Coursera is an online course service. Learning includes not only videos but also programming practices and homework using Jupyter Notebook. You can discuss with other students and TAs in the forum. I will leave the review of each course to other articles, but I felt that it was a much more efficient learning method than doing research on my own.
WebVTT is a text format for subtitling videos within the <video>
element of HTML. It has a simple format and has the following structure [^ 1].
WEBVTT
1
00:00:00.000 --> 00:00:01.755
Hello, I'm Carolyn.
2
00:00:01.755 --> 00:00:03.795
I'd like to welcome
you to our course
3
00:00:03.795 --> 00:00:06.505
on Machine Learning for
Business Professionals.
As you can see, it is a pair of the playback time for displaying the subtitles and the content of the subtitles. The detailed format is described in MDN WebVTT Documents. You can also use decorative tags, but Coursera seems to have a simple text format as described above.
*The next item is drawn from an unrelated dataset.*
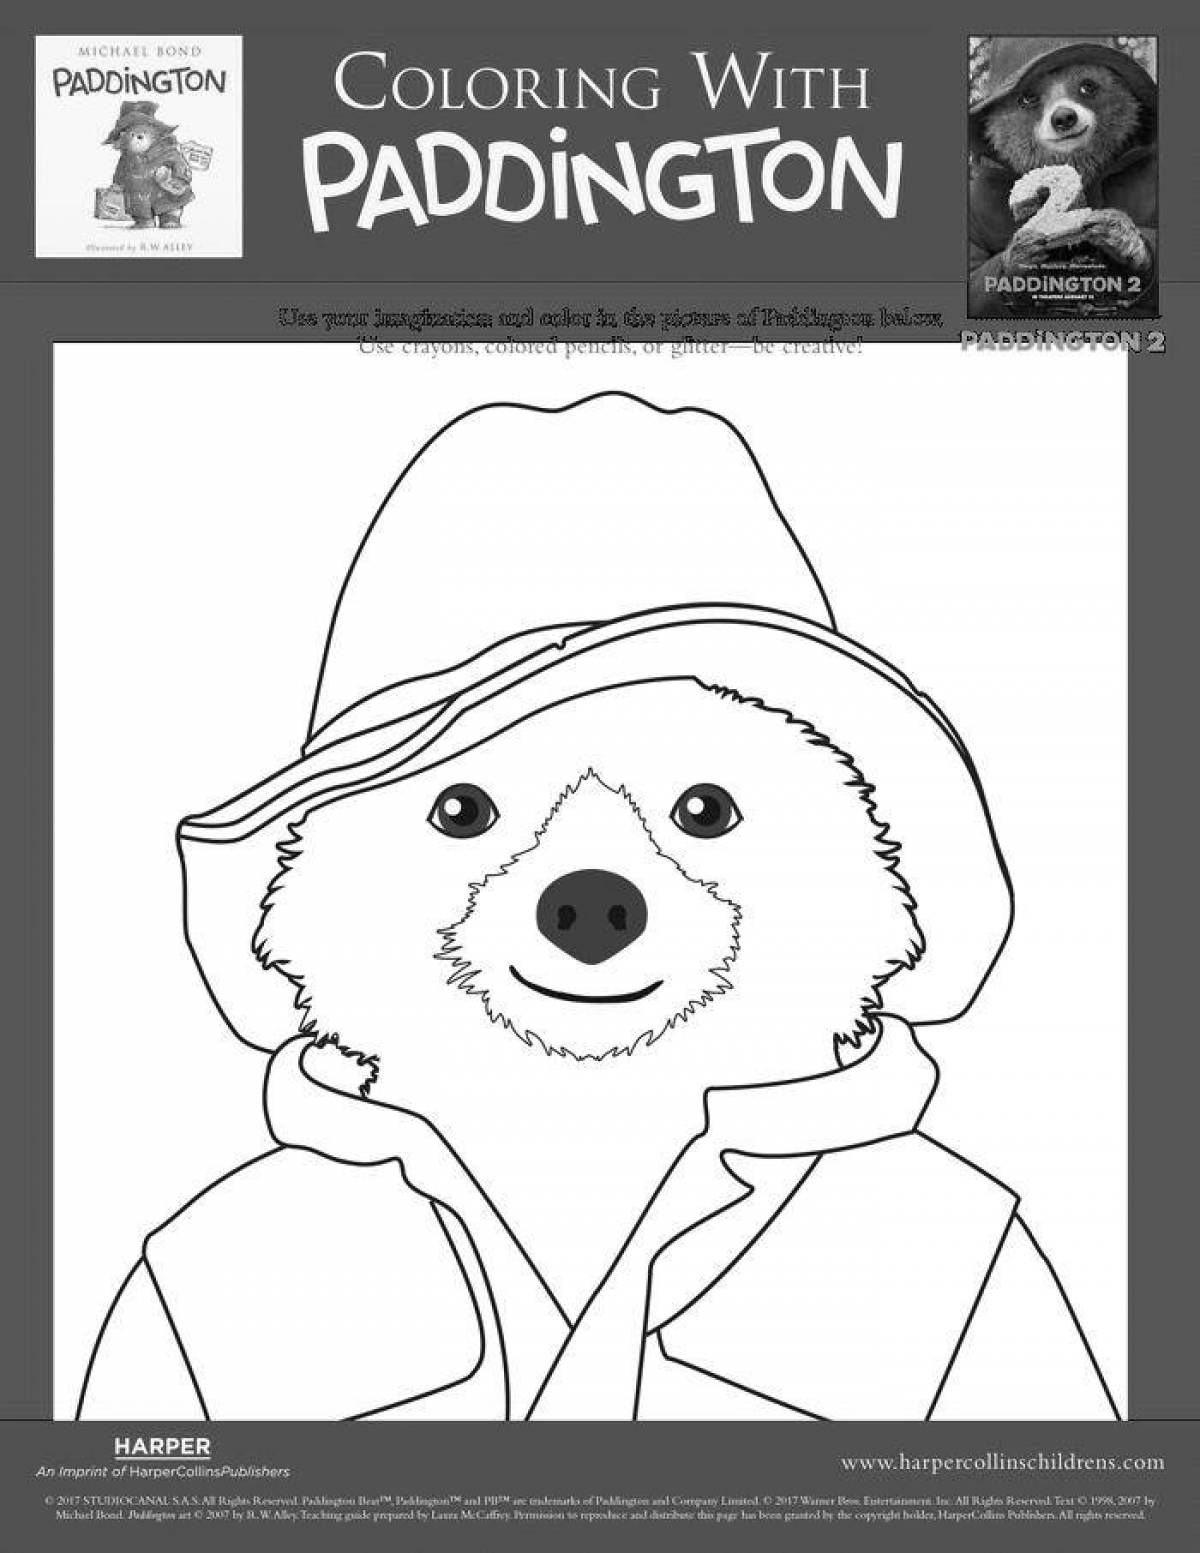 Paddington bear #2

Nowadays, many media players such as VLC Media Player also support WebVTT subtitles. For example, VLC will automatically read a .vtt
file with the same file name as the video if it is in the same folder. The same applies to the Android version of the app.
Unlike the Google Translate web service, there is a charge [^ 2]. The Introduction Page has two APIs, AutoML Transration and Translation API, the latter of which.
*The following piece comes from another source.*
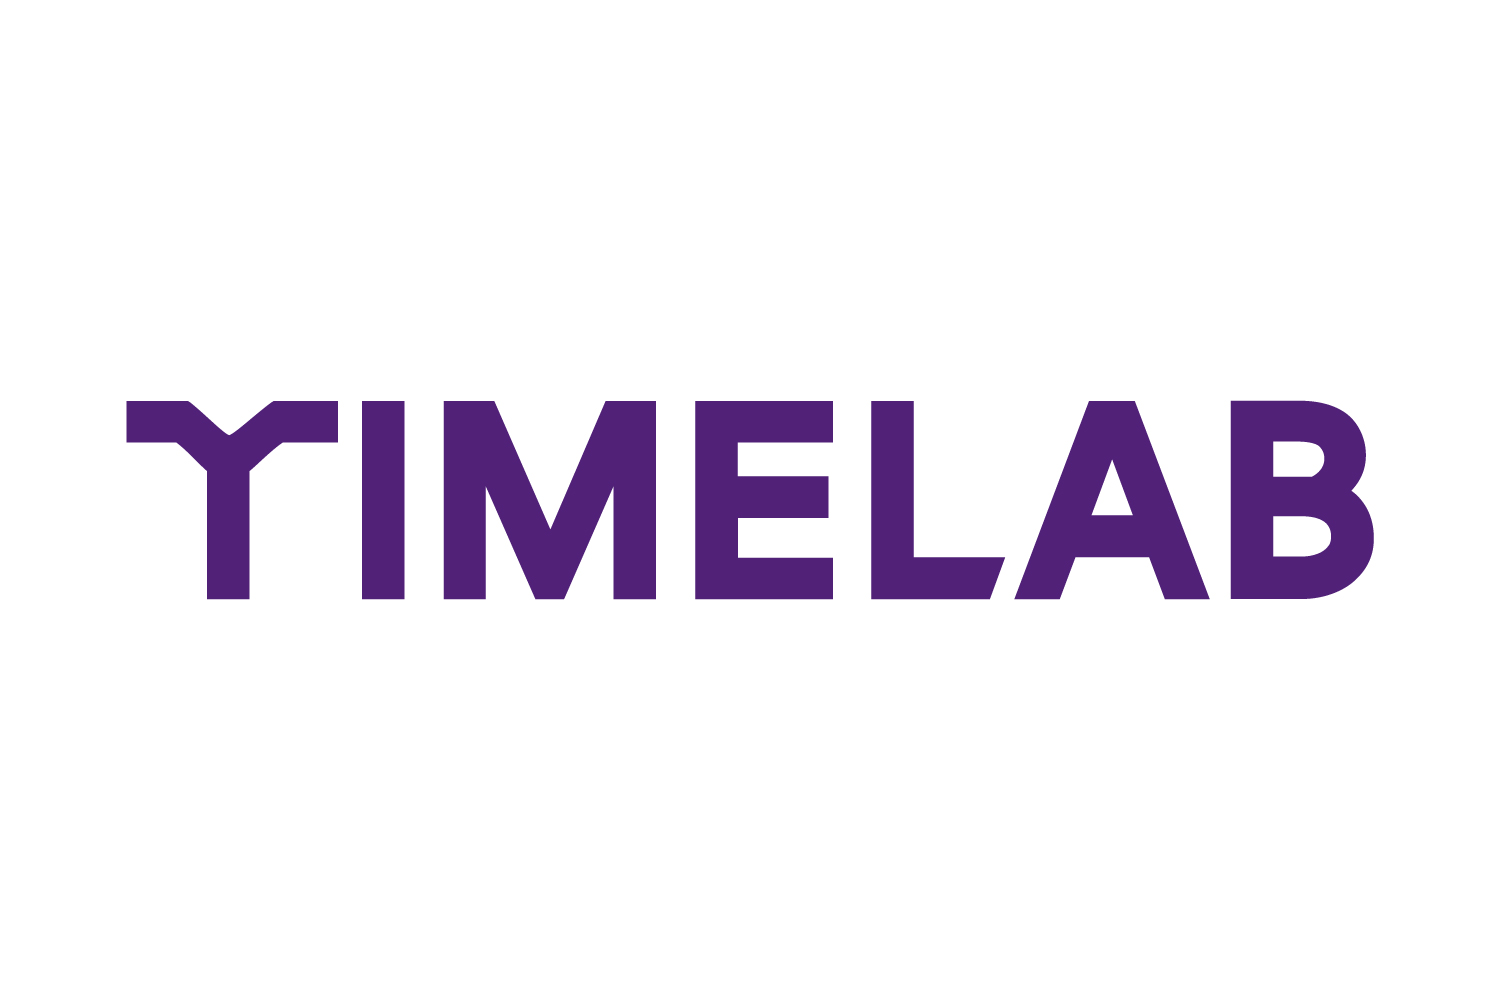 Timelab

Billing is done in units of one character, and as a guideline, it feels like "20,000 characters for a 30-minute video costs $ 0.8". Another analogy is that if you translate all videos without Japanese subtitles for 1 to 5 weeks of Deep Learning Specialization, it will cost about 1,500 yen. [^ 3].
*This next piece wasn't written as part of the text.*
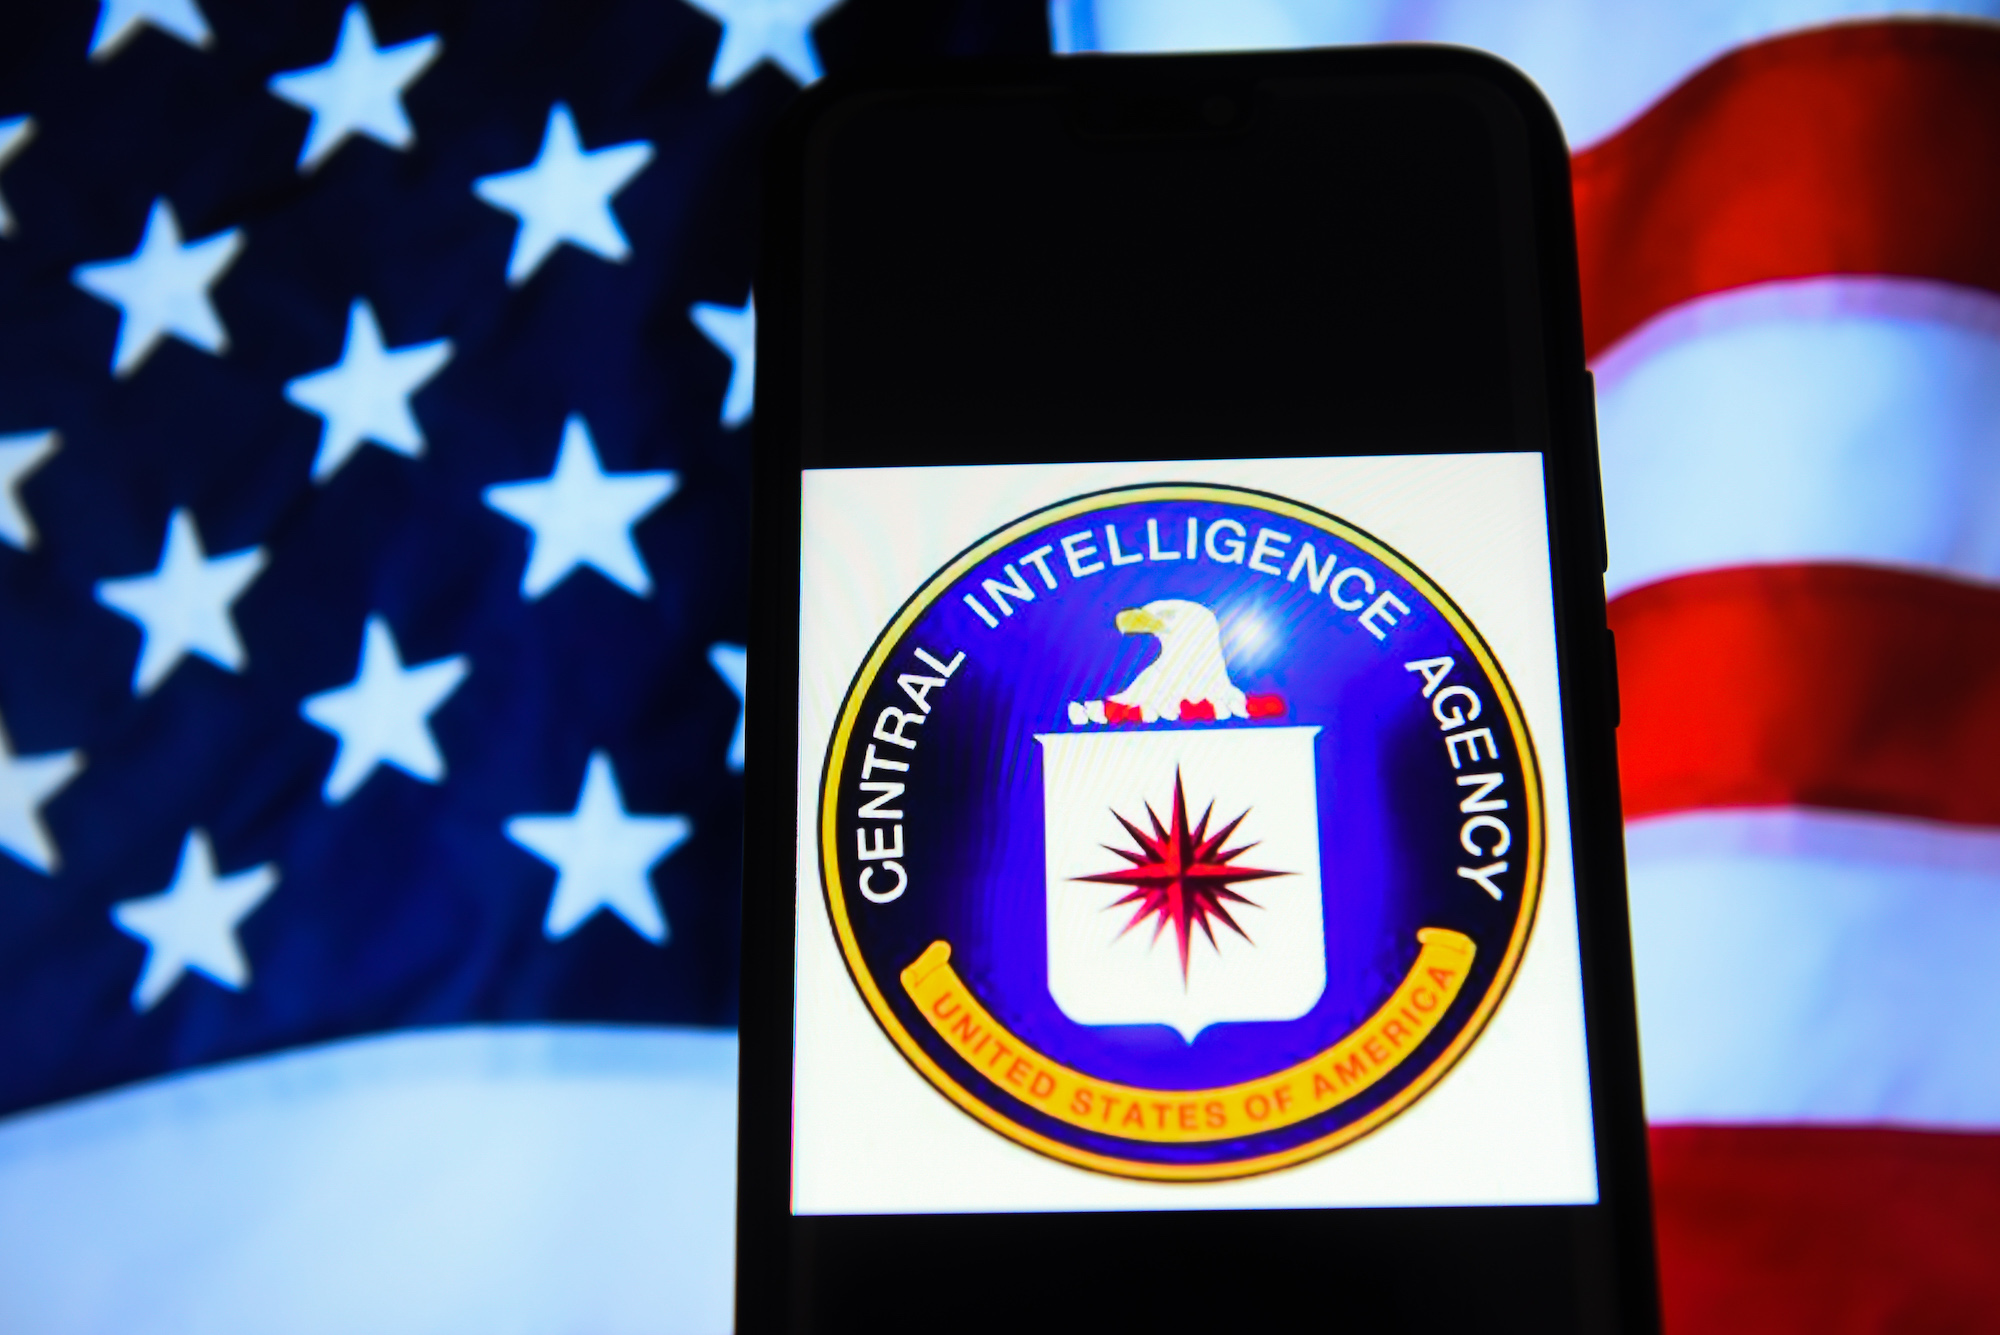 Central Intelligence Agency (CIA) logo

I will explain the WebVTT translation script from here. The general processing flow is as follows.
For example, suppose you have the following subtitles [^ 1].
2
00:00:01.755 --> 00:00:03.795
I'd like to welcome
you to our course
3
00:00:03.795 --> 00:00:06.505
on Machine Learning for
Business Professionals.
First, put them together in one sentence up to the period. Remember that the number of characters for ID 2
is 37
and the number of characters for ID 3
is 47
.
Then translate the sentence.
Before translation: I'd like to welcome you to our course on Machine Learning for Business Professionals.
After translation:Welcome to the Machine Learning course for business professionals.
Now break the translation into the original two subtitles.
The character ratio of the original subtitles is 37:47
, so we will separate based on this ratio. However, it is difficult to read if it is cut in the middle of a word or before a particle such as "no" or "o", so do not cut it there.
The result is as follows.
00:00:01.755 --> 00:00:03.795
Machine learning for business professionals
00:00:03.795 --> 00:00:06.505
Welcome to the course.
If you translate normally, this is the length that will be displayed with one subtitle, so it feels a little strange. I think there is a lot of room for improvement.
Another sentence that follows the above is:
4
00:00:06.505 --> 00:00:08.160
I lead a team of machine learning
5
00:00:08.160 --> 00:00:10.080
engineers who have successfully
6
00:00:10.080 --> 00:00:12.450
implemented many
machine learning projects
7
00:00:12.450 --> 00:00:14.475
across various industries.
00:00:06.505 --> 00:00:08.160
I am in various industries
00:00:08.160 --> 00:00:10.080
Many machine learning projects
00:00:10.080 --> 00:00:12.450
A team of machine learning engineers who successfully implemented
00:00:12.450 --> 00:00:14.475
I'm leading.
Aside from machine-translated sentences, I think the subtitles are separated by good salt plums.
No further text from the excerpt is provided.